Source material:

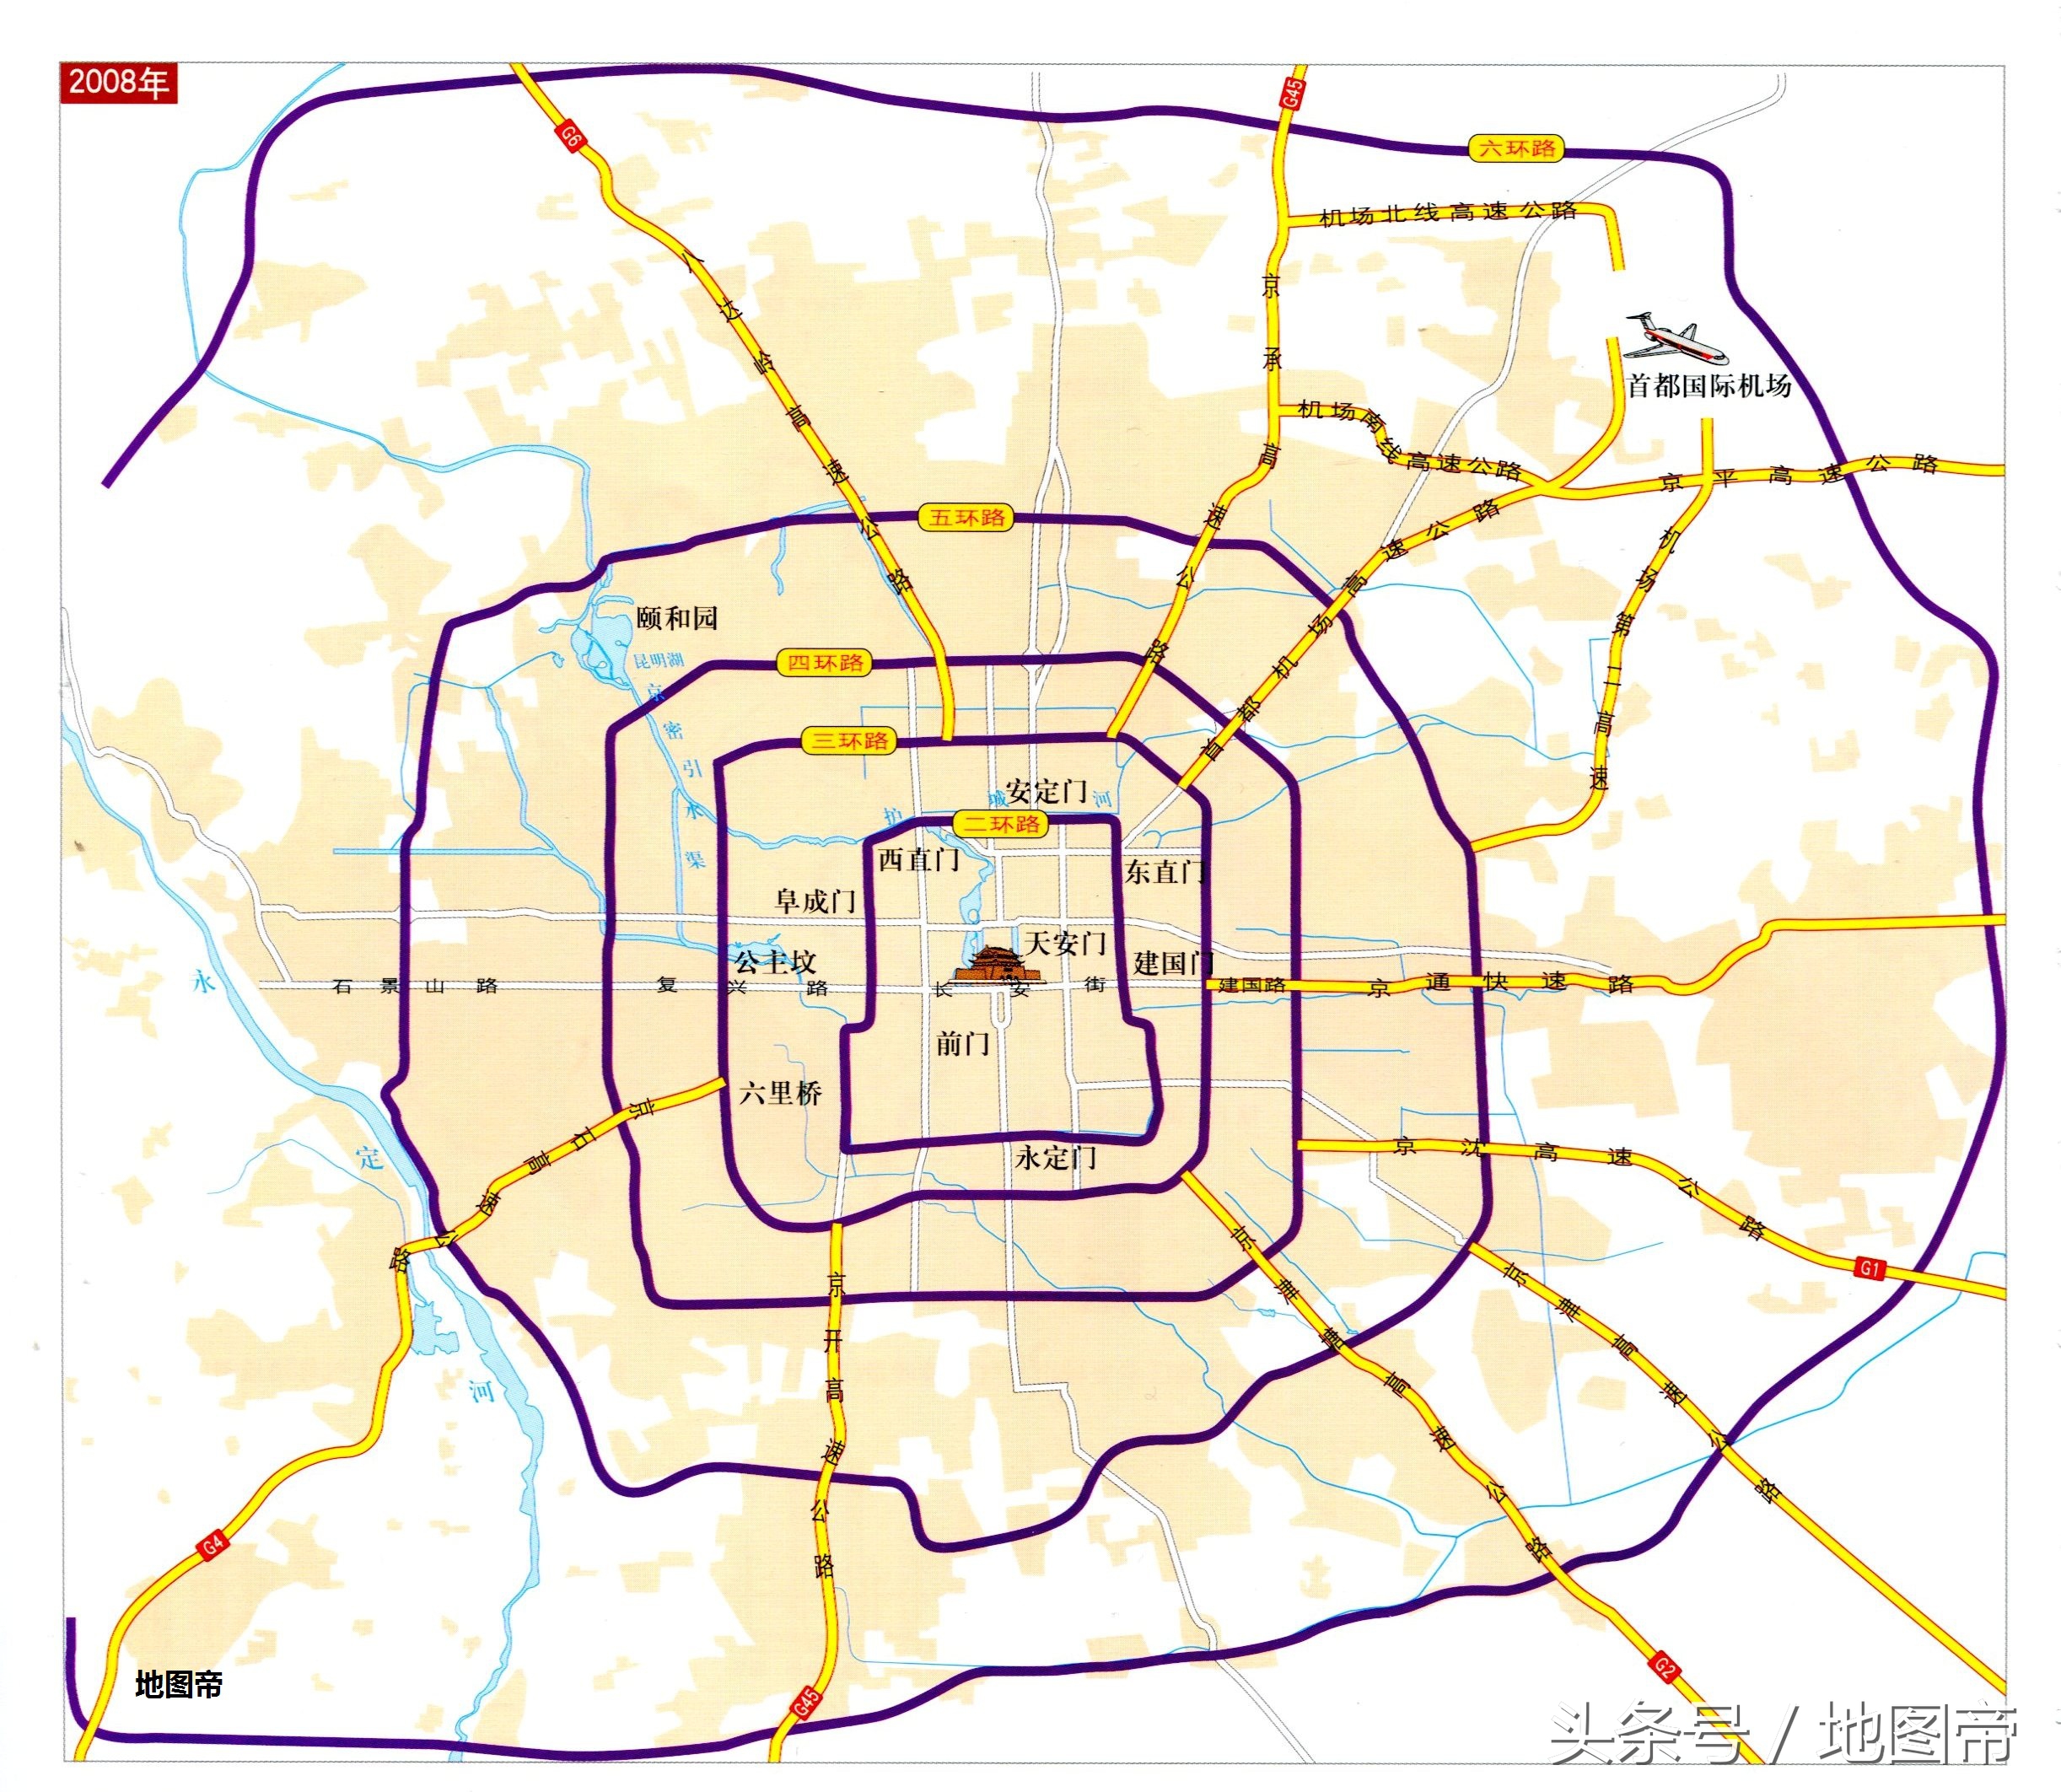 一环路是绕老北京绕紫禁城一周的环路,曾走有轨电车.
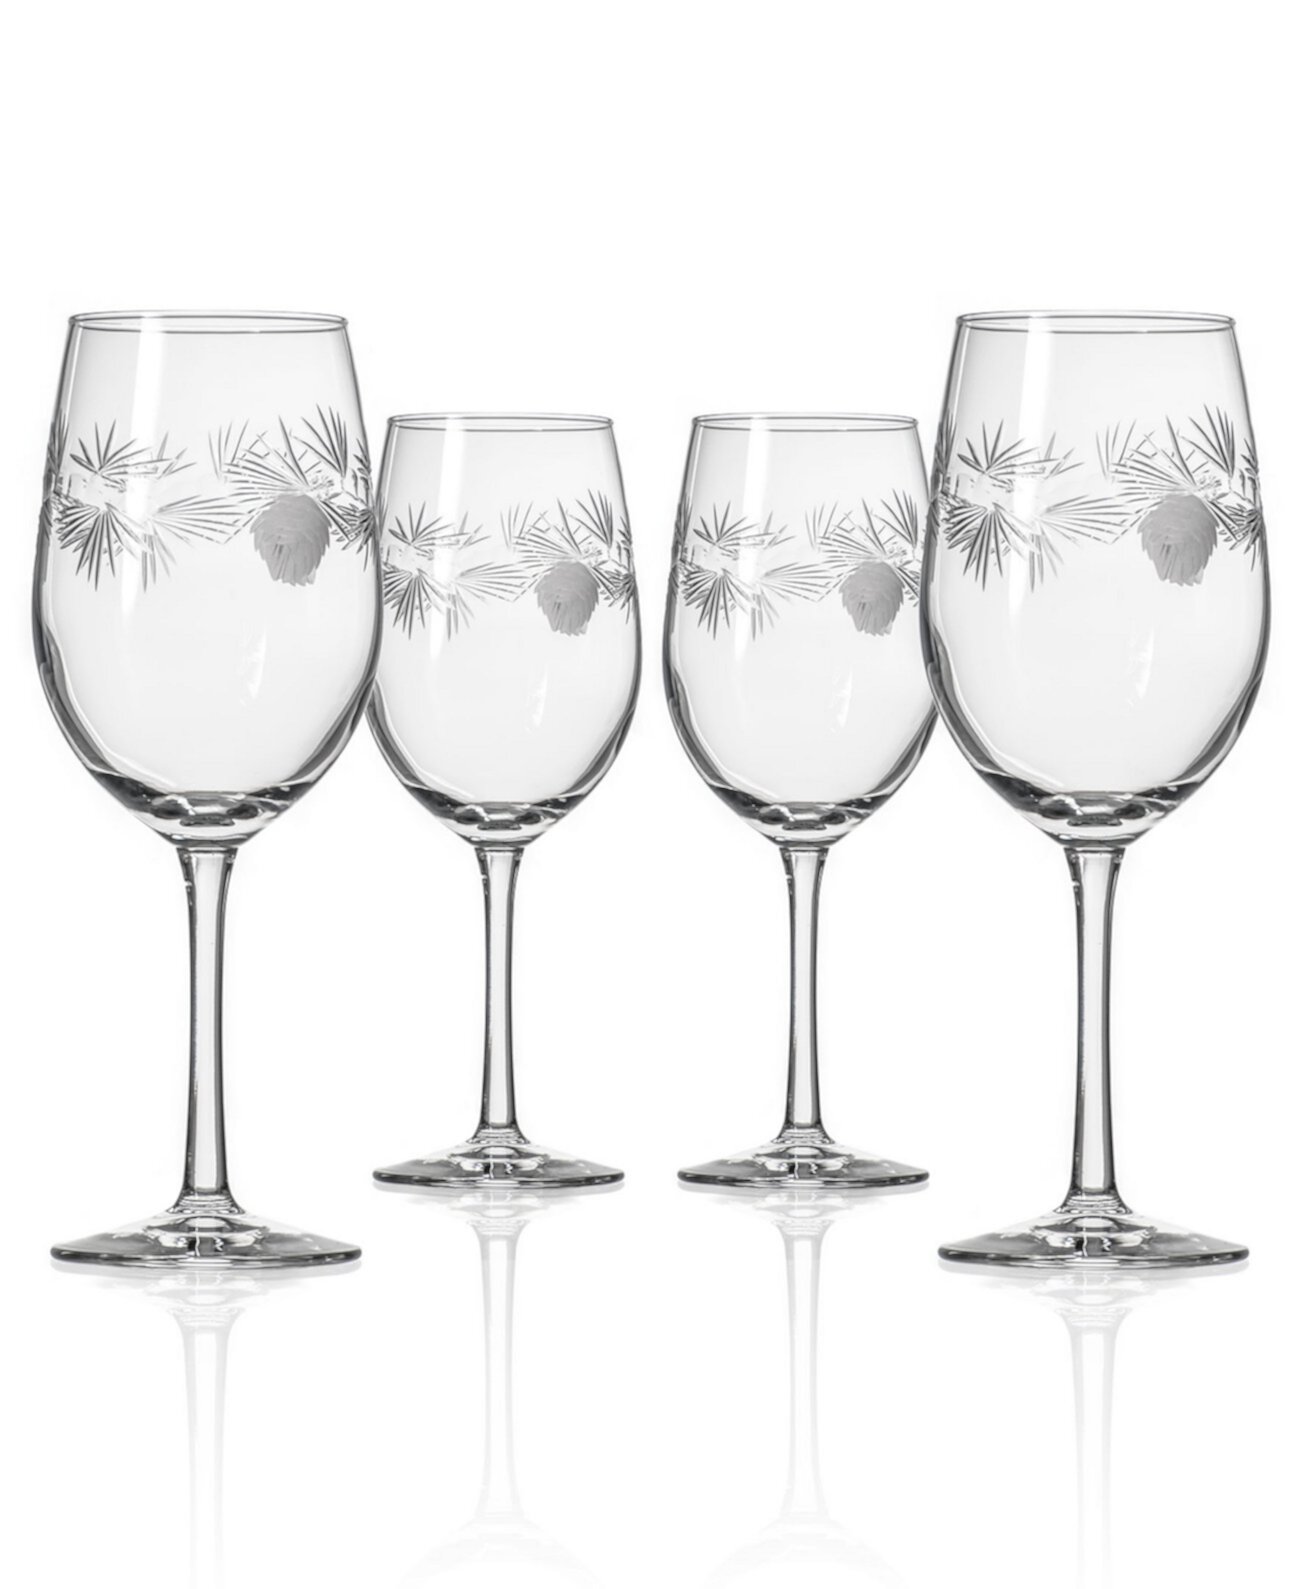 Ледяное белое вино из сосны, 12 унций - набор из 4 бокалов Rolf Glass
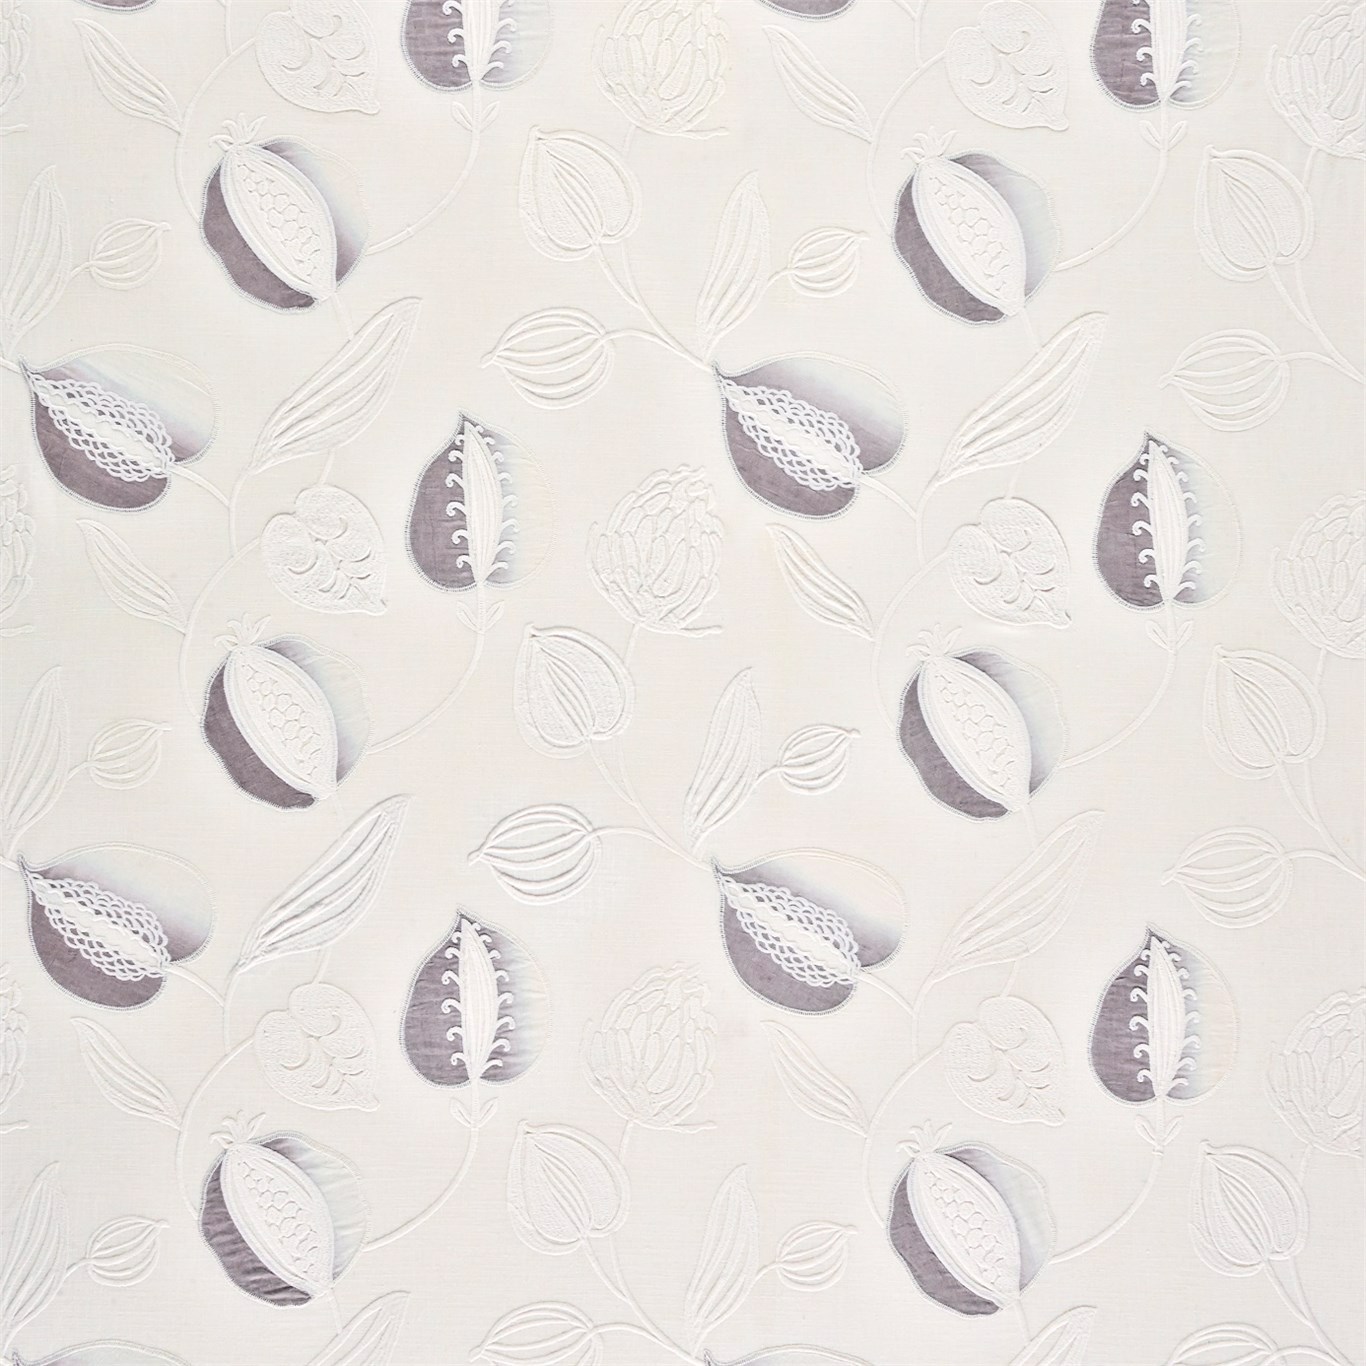 Abella French Grey Fabric by HAR

Assignment:
Without the pictures, transcribe exactly the lines above from the one containing "Ледяное белое вино" through the last.

Result:
 Ледяное белое вино из сосны, 12 унций - набор из 4 бокалов Rolf Glass
 Abella French Grey Fabric by HAR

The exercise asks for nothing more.